Verso il secondo impero
Chiusa definitivamente, la parentesi napoleonica porta i suoi strascichi in Corsica, essendo divenuta l'isola uno dei luoghi di raccolta dei superstiti seguaci dell'imperatore.
Di fronte alla reazione monarchica, i partigiani còrsi di Napoleone fanno causa comune con gli insorti, mai domi, delle montagne centro-meridionali e, tra il 1815 e il 1816, imperversa nell'isola la cosiddetta guerra del Fiumorbo: per mesi poco più di un migliaio di uomini e qualche centinaio di guerrigliere còrse tengono testa - e alla fine quasi sconfiggono - le superiori forze (almeno 8 000 uomini) del marchese de Rivière.
Scampato per miracolo alla cattura in battaglia, il marchese viene sostituito dal conte Willot, il quale offre una resa onorevole al comandante degli insorti, il murattiano Poli che, grazie all'amnistia concordata, nel maggio 1816, abbandona la Corsica con i suoi seguaci.
Quasi sconfitti militarmente, i Borboni ottengono così una vittoria politica, e allontanati o imprigionati i bonapartisti, affidano a monarchici di provata fede il governo dell'isola.

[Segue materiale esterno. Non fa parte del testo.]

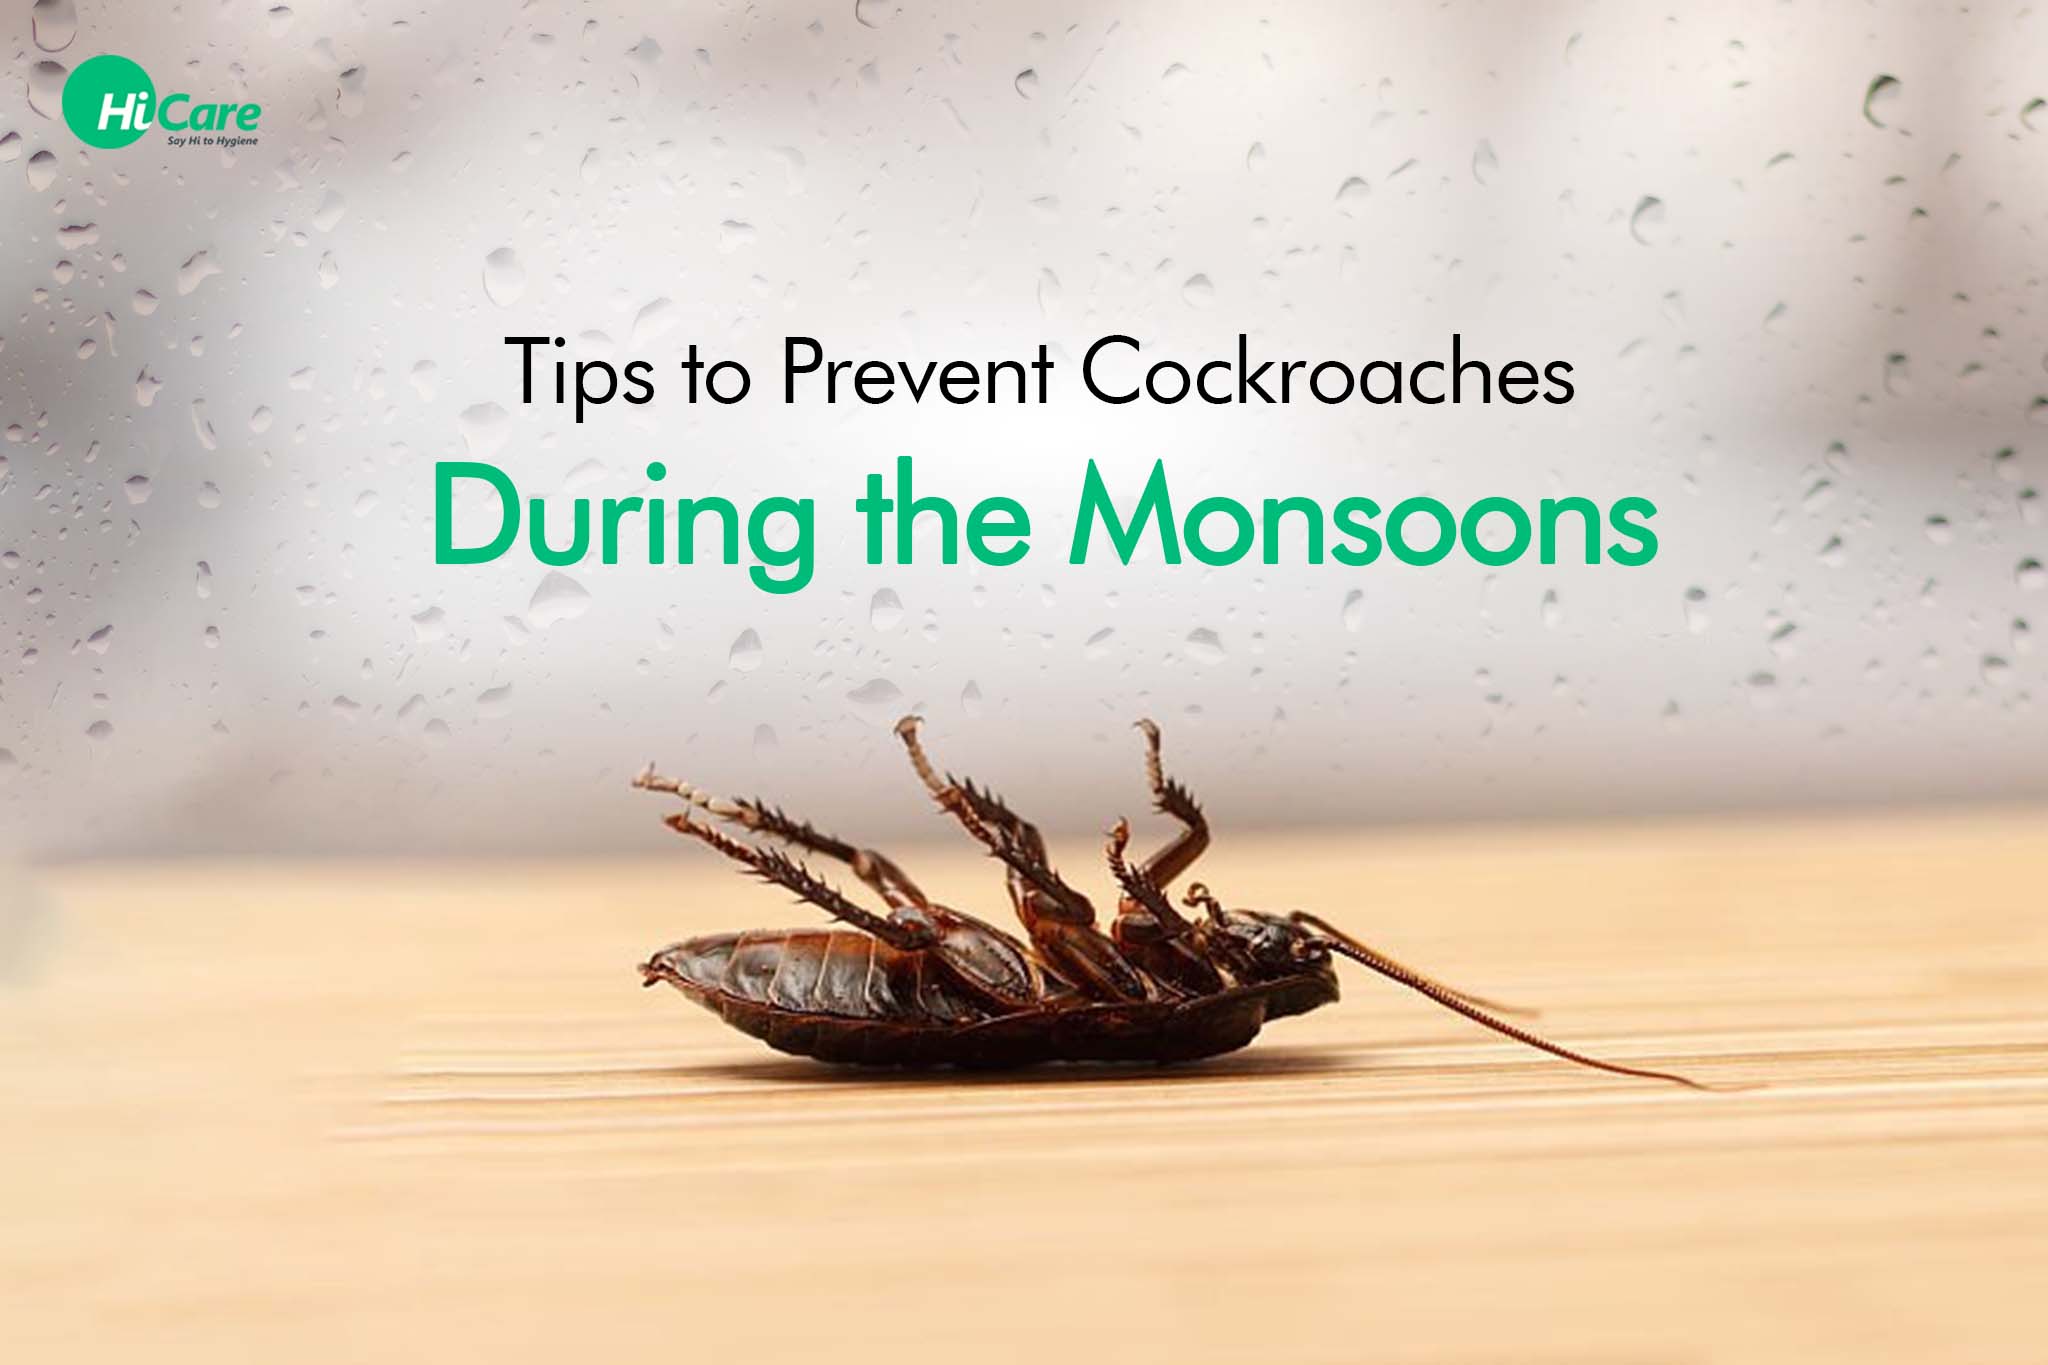 10 Tips to Prevent Cockroaches During the Monsoons

Passata l'ultima fiammata del Fiumorbo (ma una parte degli insorti si darà alla macchia e sarà operativa sin verso il 1830), la gente di Corsica, con alle spalle un secolo intero (1729-1816) di guerre quasi ininterrotte, o si rassegna al proprio destino ripiegata su sé stessa e sulla propria identità, accontentandosi della protezione delle proprie montagne o, se cerca fortuna, lo fa - quasi ovviamente - per lo più all'interno dello Stato francese e in quel contesto, facendo ogni sforzo per far dimenticare le proprie origini.[senza fonte]

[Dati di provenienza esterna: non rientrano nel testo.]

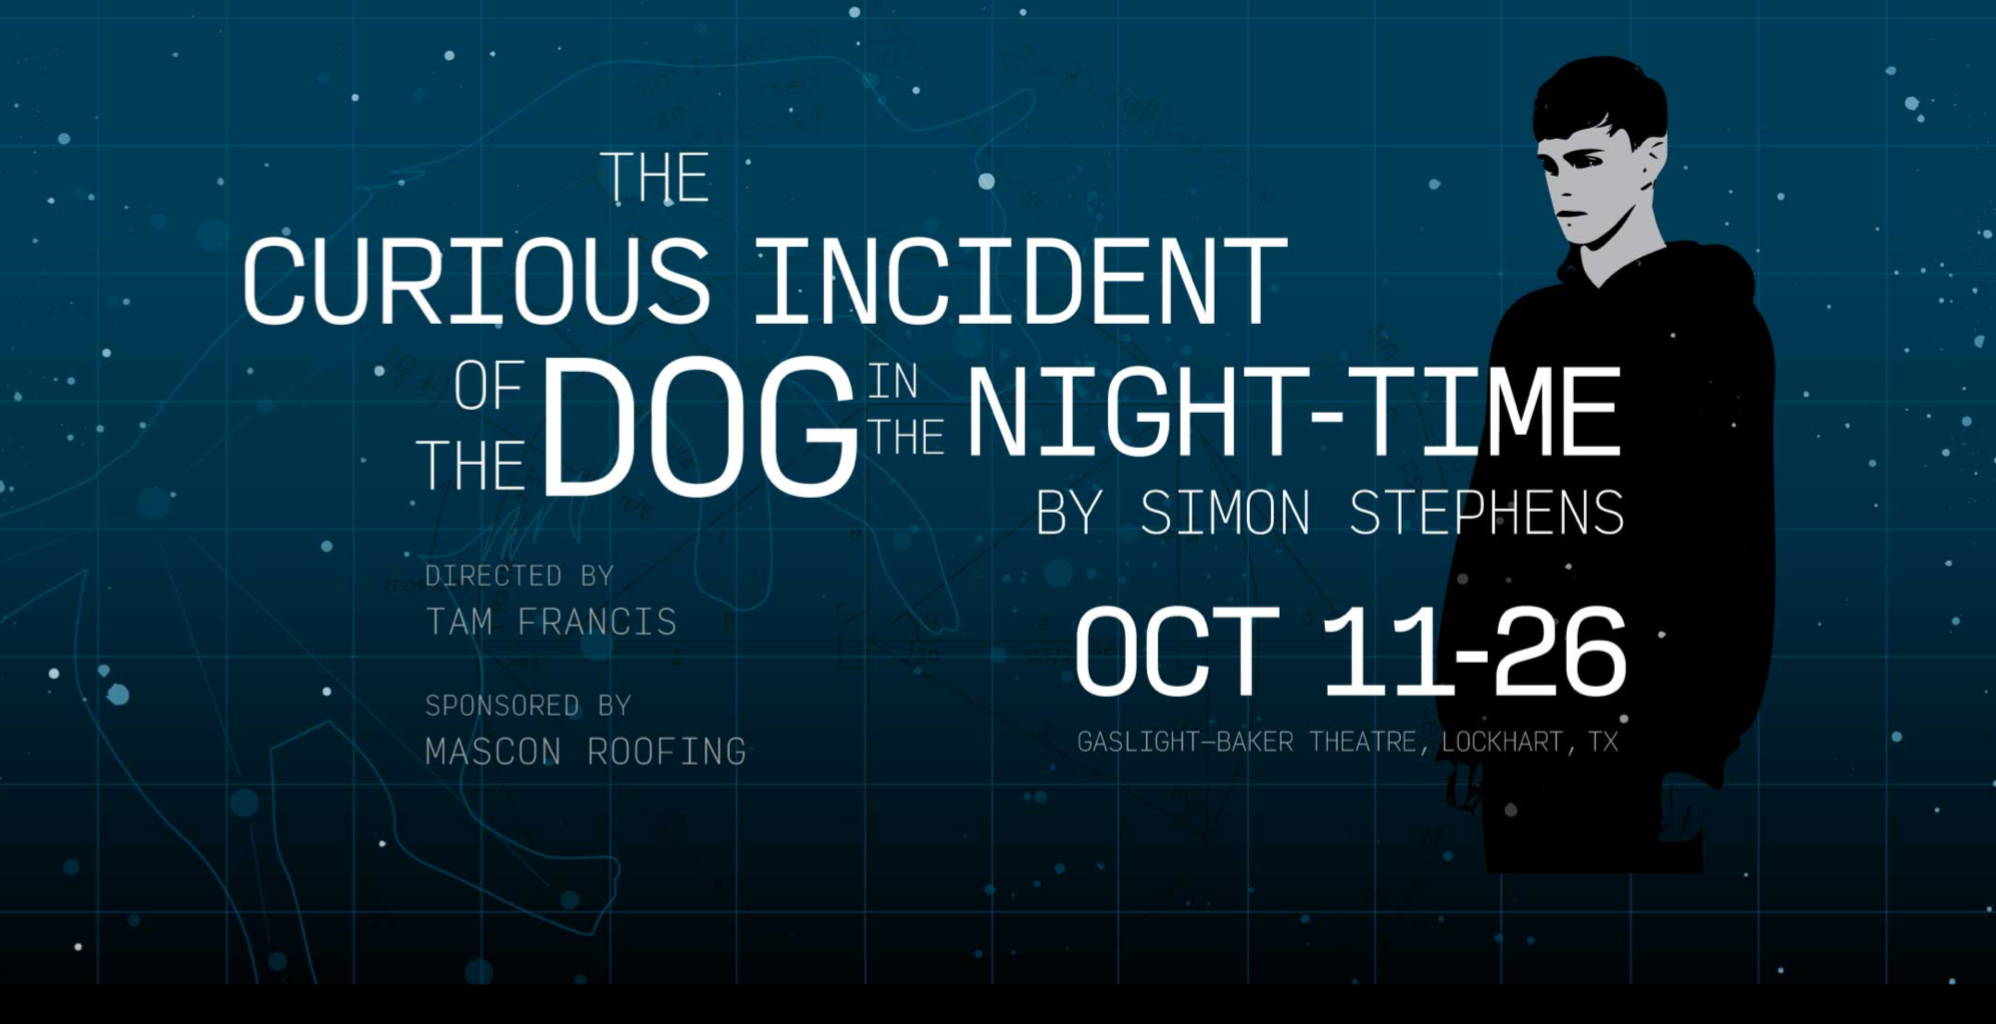 The Curious Incident of the Dog in the Night-Time by Gaslight Baker Theatre

La gente comune continua a vivere di un'economia di sussistenza e l'incremento demografico registrato dal 1800 al 1890 (da 164 000 a 290 000 abitanti) è comunque modesto (specie in termini assoluti) e ampiamente spiegabile con la fine di un lunghissimo periodo di continue guerre e devastazioni.
A testimonianza della fatica della gente còrsa per darsi di che vivere, sono oggi visibili nell'isola numerosi terrazzamenti abbandonati, creati con grande fatica non per la coltura di viti e olivi, ma di cereali panificabili.

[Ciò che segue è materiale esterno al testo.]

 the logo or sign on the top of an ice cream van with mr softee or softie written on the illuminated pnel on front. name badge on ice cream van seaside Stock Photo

I successivi piani di sviluppo agricolo non fecero che ricalcare nella sostanza i passi di quelli ideati ancora nel XVII secolo dal Banco di San Giorgio, portando con sé - quasi inevitabilmente - gli stessi scarsi risultati e generando le stesse tensioni sociali che li avevano contraddistinti due secoli prima, finendo così per generare contrasti che scoppiarono puntualmente in occasione delle rivoluzioni del 1848.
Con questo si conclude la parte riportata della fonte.